The full set of Mips32 (or Mips64) registers are available but only in a 
limited way when in Mips16 mode.
There are only 8 registers which can be accessed as general registers so 
there are many additional registers which would be free, if the 
processor were in mips32 mode.

At the present time, I use these additional registers in an ad hoc way 
as in this situation. In the future I hope to use them to avoid spills 
to memory in a more general way.

Interestingly enough, SP is not a Mips16 register but there are a set of 
instructions which implicitly use this register but I cannot for 
example, directly add SP and another Mips16 register together. This 
makes SP complicated to use when you are referencing elements on the 
stack and you deal with the more general case in which the local stack 
offsets can be large. Gcc decides to not deal with any of that 
complexity and they just copy SP to a Mips16 register when they need to 
do anything with the stack; like reference local stack data. This seems 
way too wasteful to me since there are so few registers; so I have gone 
the extra mile to deal with all the extra Sp induced complexities.

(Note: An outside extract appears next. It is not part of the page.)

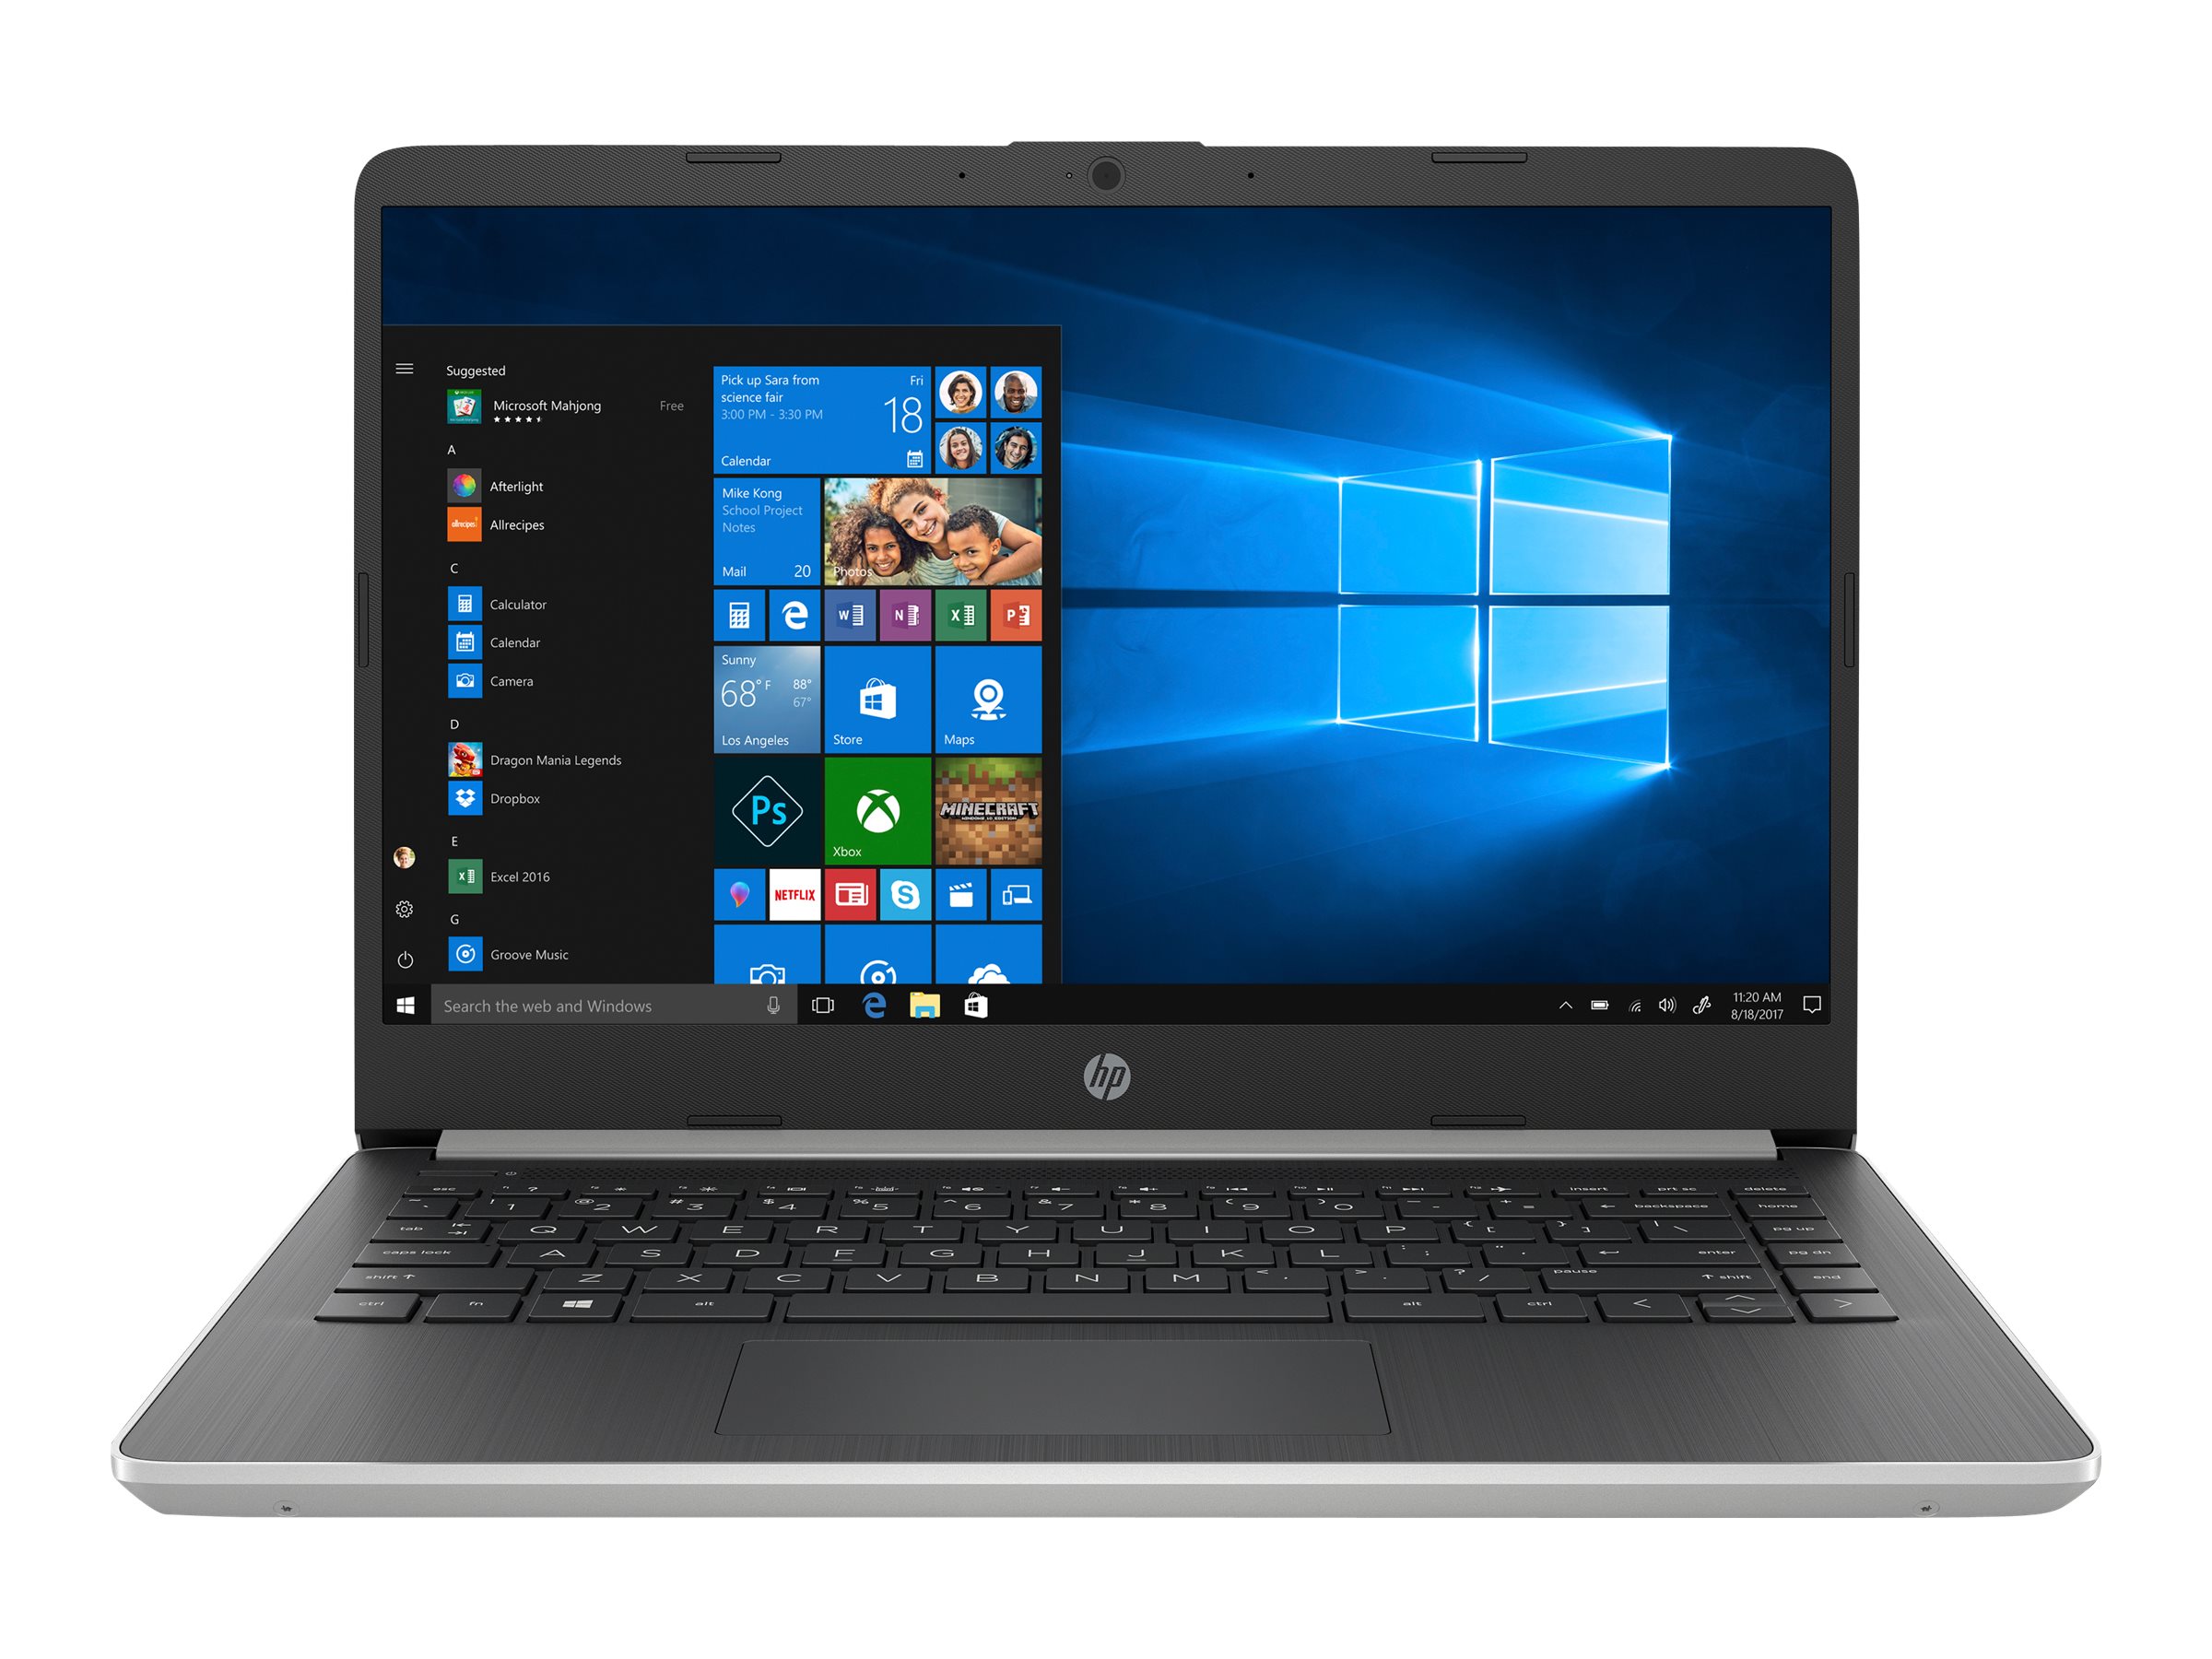 HP 14-dq1039wm 14" HD i5-1035G1 1.0GHz 8GB RAM 256GB SSD Win 10 Home Natural Silver - image 2 of 6

T8 is another non Mips16 register which is used implicitly in many 
conditional test and branch instructions.  I use it mostly as if it were 
a condition code register and try and avoid copying it back to a Mips16 
register. I had to write a lot of long patterns for various things like 
conditional moves so that sets of instructions that implicitly use T8 
can be strung together.

With good optimization, you should be able to save 40% on the memory 
footprint by using Mips16 mode as opposed to Mips32 mode.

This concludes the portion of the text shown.